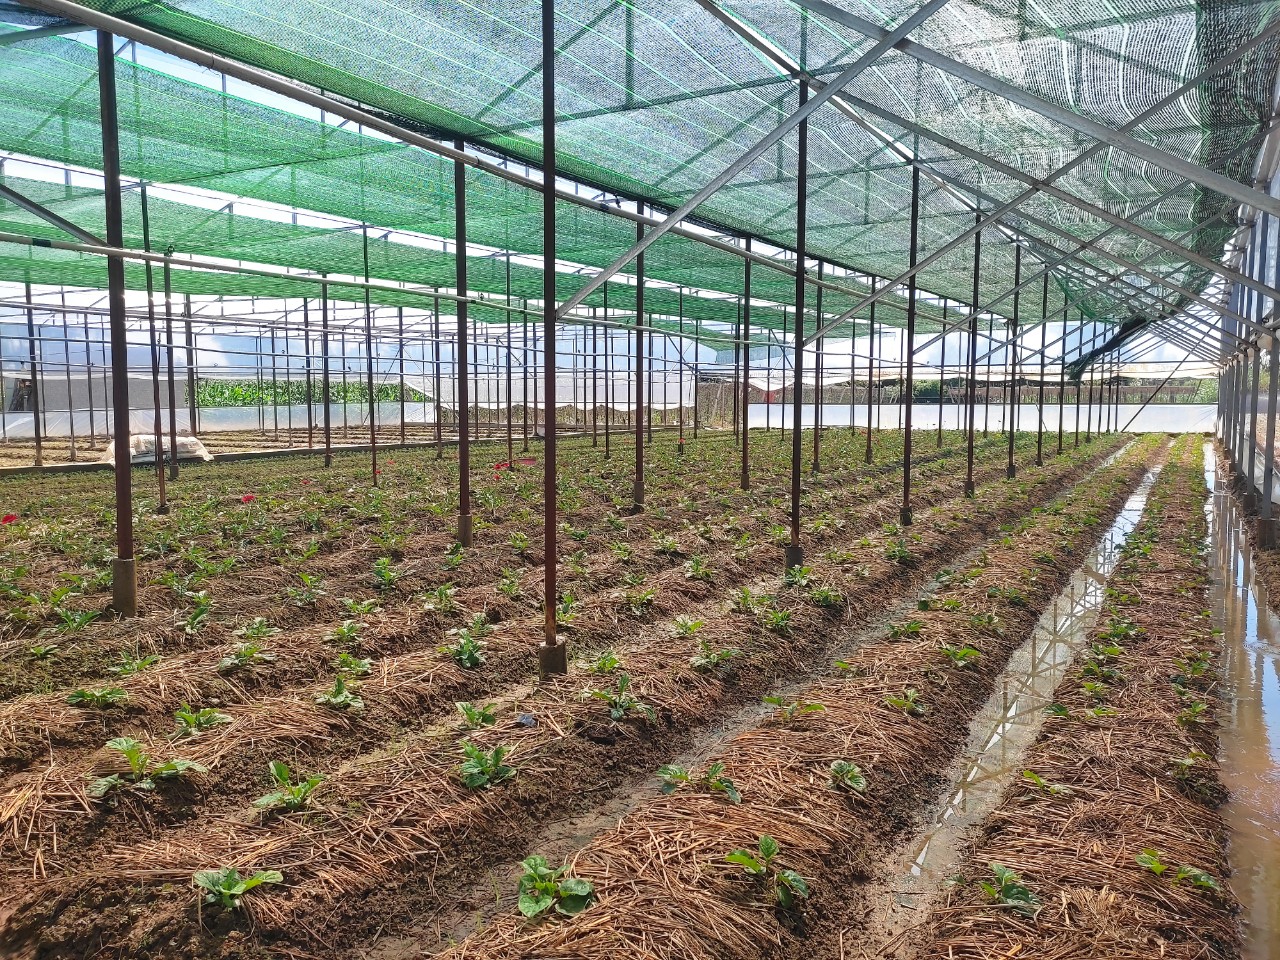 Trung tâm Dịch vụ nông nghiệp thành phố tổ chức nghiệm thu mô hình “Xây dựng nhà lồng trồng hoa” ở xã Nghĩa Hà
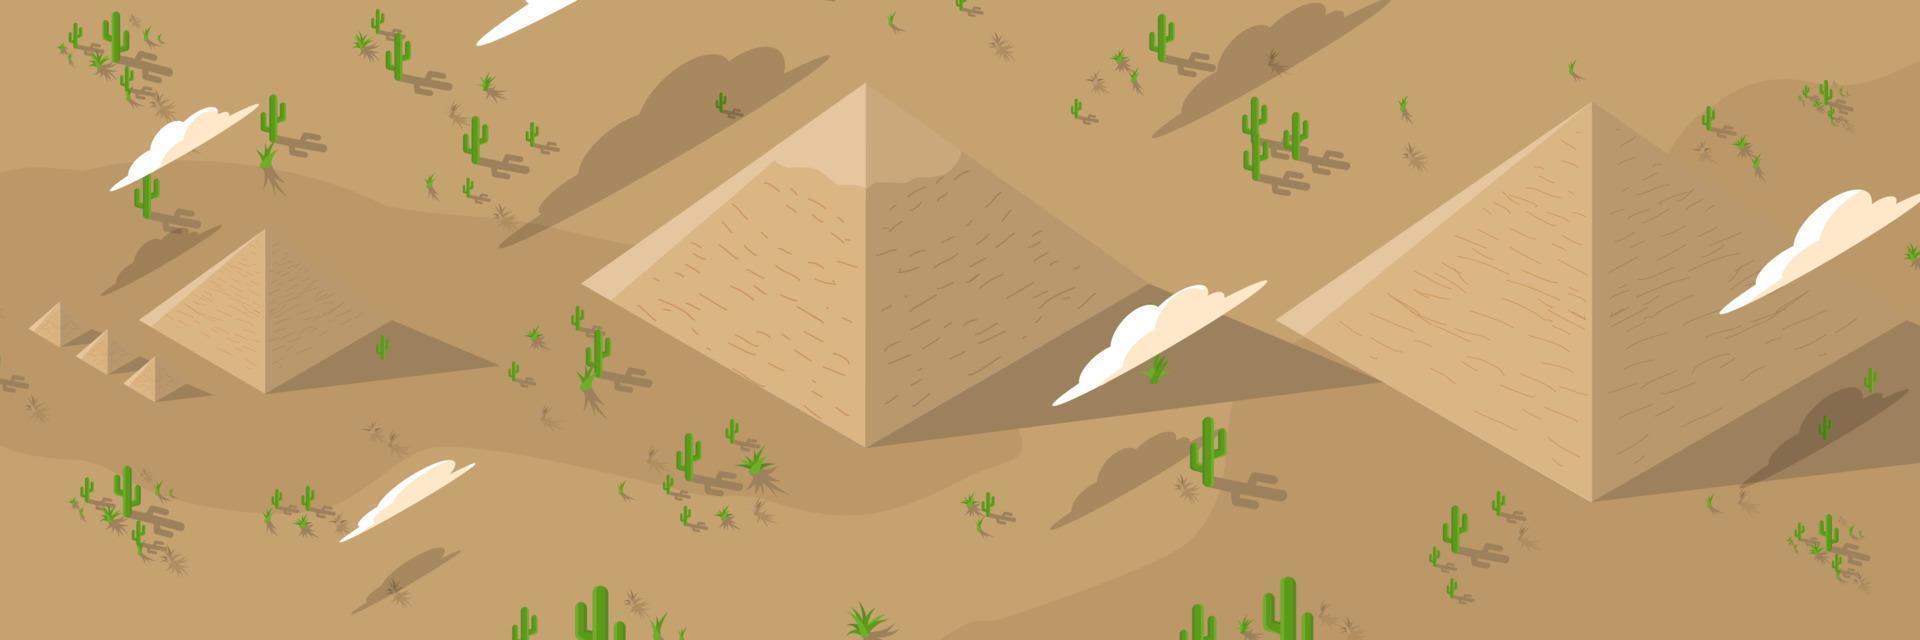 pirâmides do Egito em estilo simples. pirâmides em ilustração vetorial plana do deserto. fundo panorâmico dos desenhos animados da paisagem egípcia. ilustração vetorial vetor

...

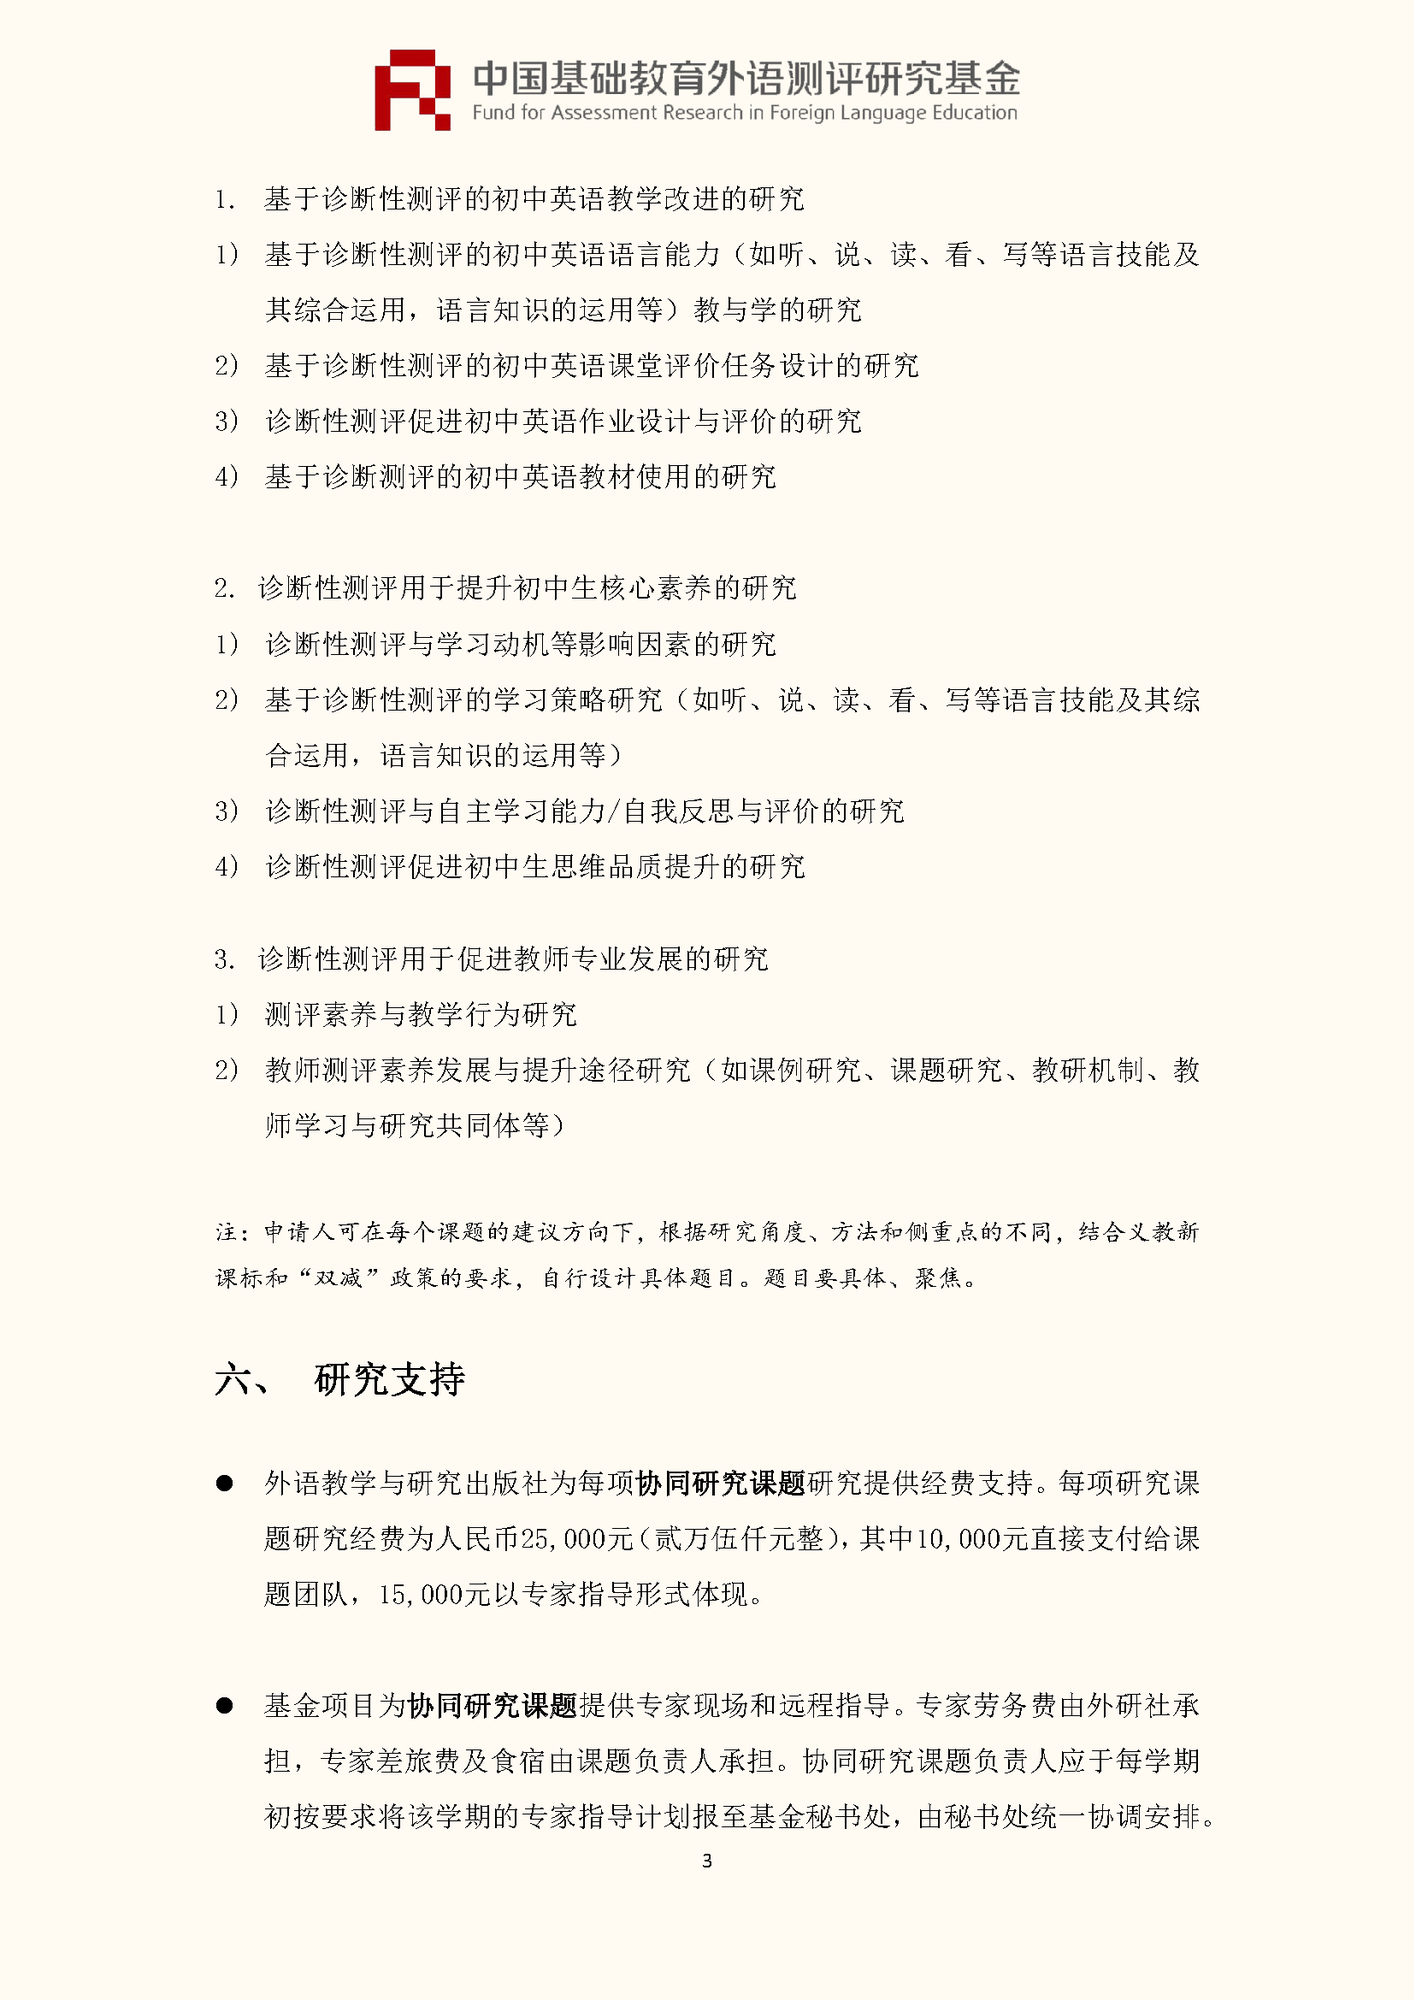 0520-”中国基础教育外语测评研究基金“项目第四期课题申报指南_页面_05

> Problem to work on
Reproduce the lines above starting at the one with "Trung tâm Dịch" and ending at the one with "pirâmides do Egito", both included, exactly and with no pictures.

> Solved problem
 Trung tâm Dịch vụ nông nghiệp thành phố tổ chức nghiệm thu mô hình “Xây dựng nhà lồng trồng hoa” ở xã Nghĩa Hà
 pirâmides do Egito em estilo simples. pirâmides em ilustração vetorial plana do deserto. fundo panorâmico dos desenhos animados da paisagem egípcia. ilustração vetorial vetor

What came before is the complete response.